Lines containing "settings" should be pulled from the material below.

─── Supplied data ───

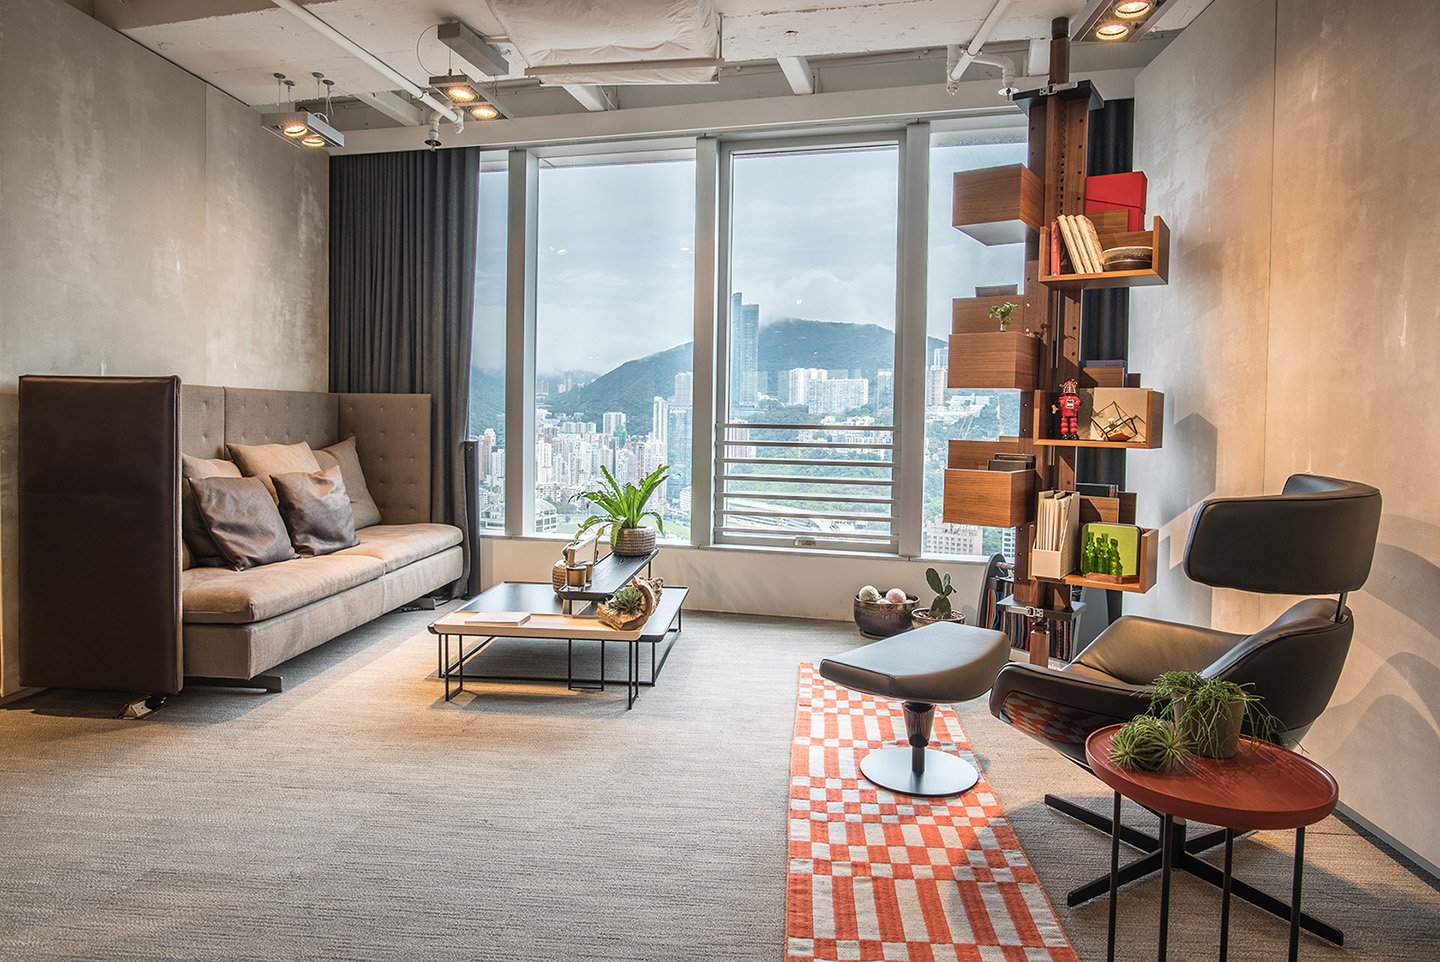 We are proud and excited to announce that our newly renovated Haworth Hong Kong showroom is ready for visit again. Our showroom is located In the heart of the Pearl of the Orient, Wan Chai, an area that is deeply immersed with both Eastern and Western cultural atmosphere. 

Haworth Hong Kong showroom focuses on the individual needs and demonstrates workspace designs that provide users various work settings to easily adapt the needs of every user and eventually navigate us to the ultimate organic workplace solutions. Nevertheless, the flexibility of the showroom allows the users to swiftly travel between focus, collaboration, and relaxation.

By displaying Haworth’s and its partners’ latest and greatest products through the creative layout settings and the vivid color contrast designed by our top designer, Liz Teh, Haworth Hong Kong showroom has been upgraded once again to a trendy, innovative, and organic workspace.

───

* _Task result_:
Haworth Hong Kong showroom focuses on the individual needs and demonstrates workspace designs that provide users various work settings to easily adapt the needs of every user and eventually navigate us to the ultimate organic workplace solutions. Nevertheless, the flexibility of the showroom allows the users to swiftly travel between focus, collaboration, and relaxation.
By displaying Haworth’s and its partners’ latest and greatest products through the creative layout settings and the vivid color contrast designed by our top designer, Liz Teh, Haworth Hong Kong showroom has been upgraded once again to a trendy, innovative, and organic workspace.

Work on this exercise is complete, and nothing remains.